Sistemnya adalah plug n’ play atau memasukkan kit konversi ke dalam Vespa, termasuk dinamo, baterai, dan controller. Mesin orisinil Vespa bisa dicopot pasang. Inspirasi ini datang dari kakak-beradik Heret Frasthio dan Herwan yang sebelumnya bereksperimen dengan menggunakan sepeda listrik.
“Tiga bulan kita trial and error. Dari ukuran, jarak, segala macam. Akhirnya sistem plug n’ play bisa diaplikasikan ke semua tipe vespa. Dari PTS, Sprint, Super, VBB, Excel, dan Corsa. Jadi semua Vespa udah bisa kita konversikan,” kata Heret, pemilik Elders Garage.
Salah satu baterai yang digunakan ialah Panasonic Tesla Model 3 NCR 21700 72v 24ah yang mampu menempuh kecepatan 75 hingga 80 kilometer per jam dengan jarak maksimum 60 hingga 75 kilometer. “Baterai itu akan konsisten selama 5 tahun,” tutur Heret.
SAAT INI BISNIS KONVERSI belum masif. Heret berani menjamin, sekalipun ada seseorang yang memiliki modal besar dan membuat bisnis serupa, persaingannya akan sama saja dengan bengkelnya, walau ia mampu memproduksi lebih. Ini terjadi karena masyarakat belum mengarah ke kendaraan listrik.
Menurut Heret, masyarakat Indonesia masih cenderung mengikuti tren. “Kesadaran kita terhadap kesehatan, rendah. Kalau tiba-tiba masyarakat Indonesia berpikir karena green energy, enggak mungkin,” ujarnya.
Akan tetapi, masyarakat akan mengikuti tren, dengan dampak layaknya bola salju yang tak bisa dihentikan. “Lu ketinggalan kalo nggak pake listrik, bukan karena, wah, gua pengen langit biru,” ucap Heret.

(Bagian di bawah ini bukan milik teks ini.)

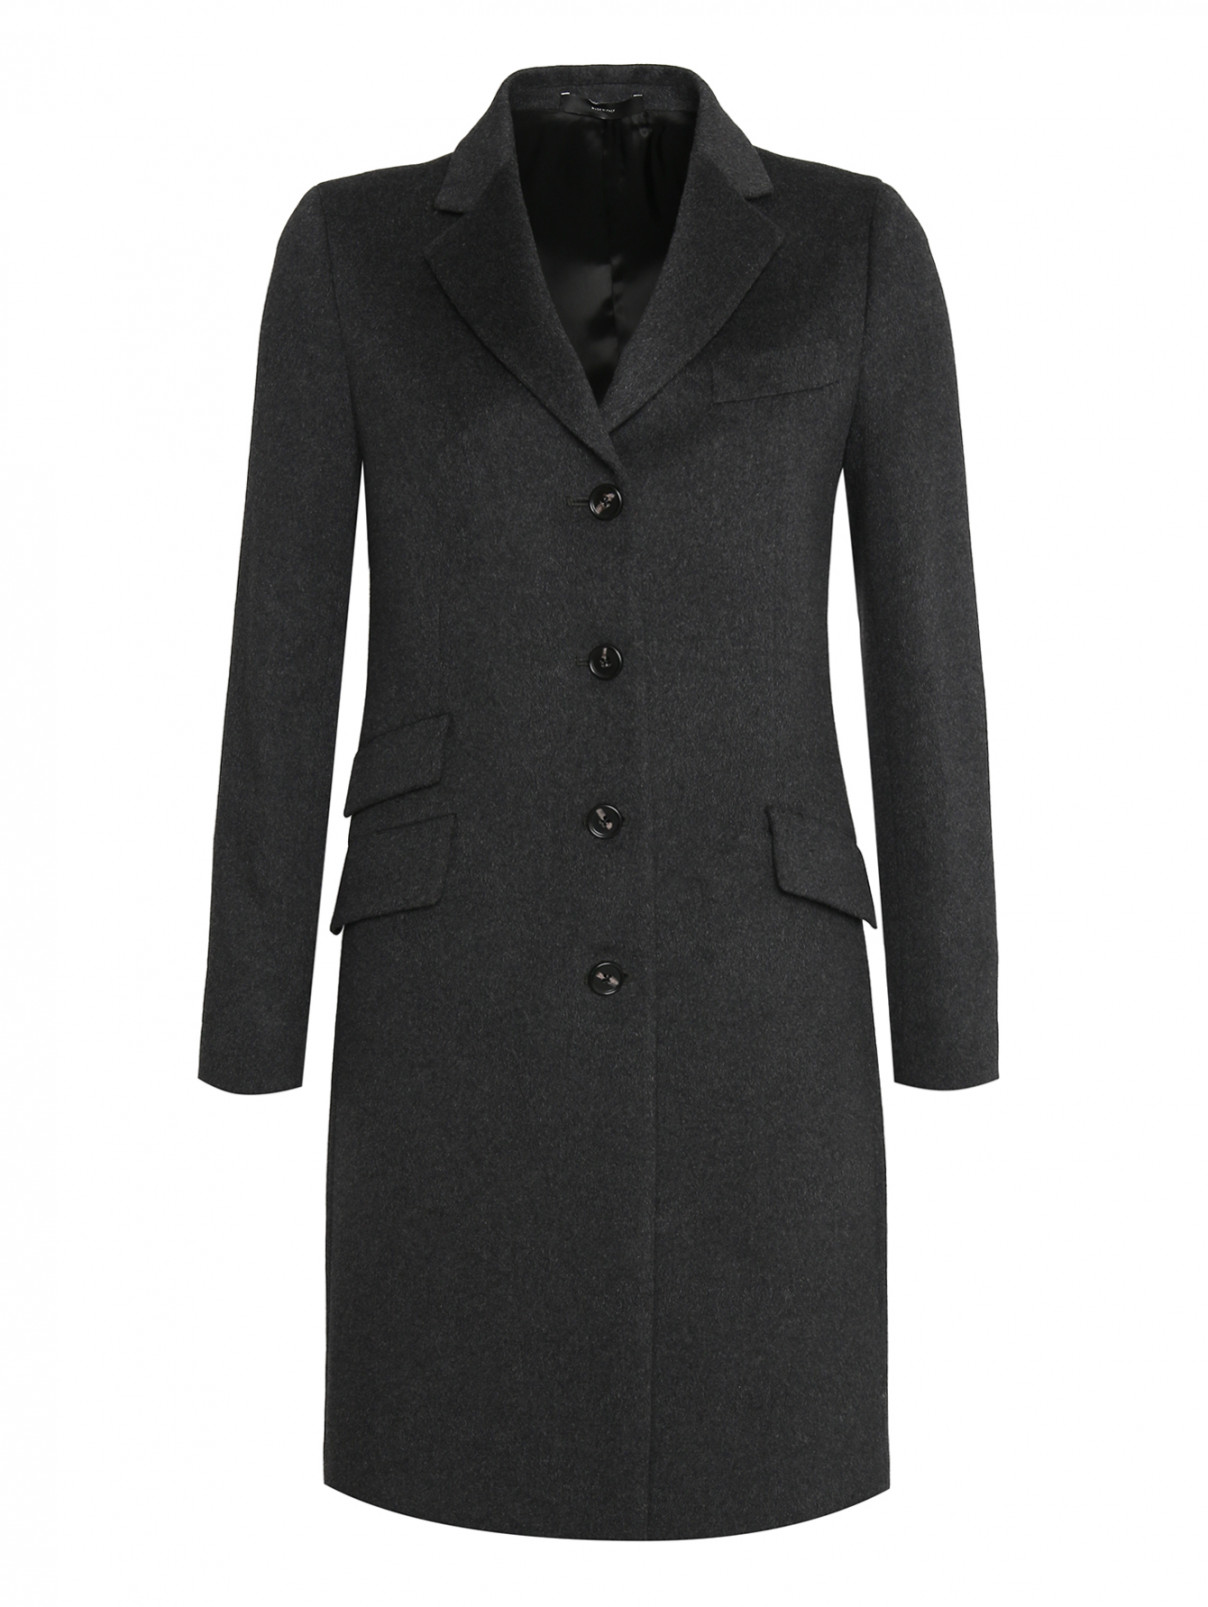 Однобортное пальто из шерсти Paul Smith  –  Общий вид  – Цвет:  Серый

Infrastruktur pengisian daya saat ini memang belum banyak. Kendaraan listrik dan stasiun pengisian daya, “seperti telur dan ayam,” ucap Heret. “Sebenarnya edukasinya adalah, lu ukur biasa pergi berapa jauh. Kebanyakan orang mikir stasiun pengisi dayanya dulu. Kenapa aku pilih Vespa, makanya aku arahnya lifestyle. Yang bisa ubah orang, lifestyle, bukan limitasi,” lanjutnya.
Fokus Elders Garage sebelumnya adalah menjual motor custom, yang bisa memakan waktu tiga sampai enam bulan untuk produksi. Heret mengakui, walaupun keuntungan penjualan dari motor custom banyak, namun bengkel seperti itu bergantung pada penghobi dan tren. Apalagi di masa pandemi, saat pehobi juga memotong anggarannya. Namun dengan menyediakan jasa konversi, mereka bisa mengerjakan sepuluh kendaraan konversi dalam dua bulan.
Heret paham betul bahwa peralatan yang ada di bengkel, mumpuni untuk mempelajari listrik. Investasinya pun murah. Ia menyemangati orang-orang yang berkecimpung di industri ini, “ketimbang kalian memaksakan diri untuk [mengerjakan pesanan] custom, coba lihat industri listrik yang baru.”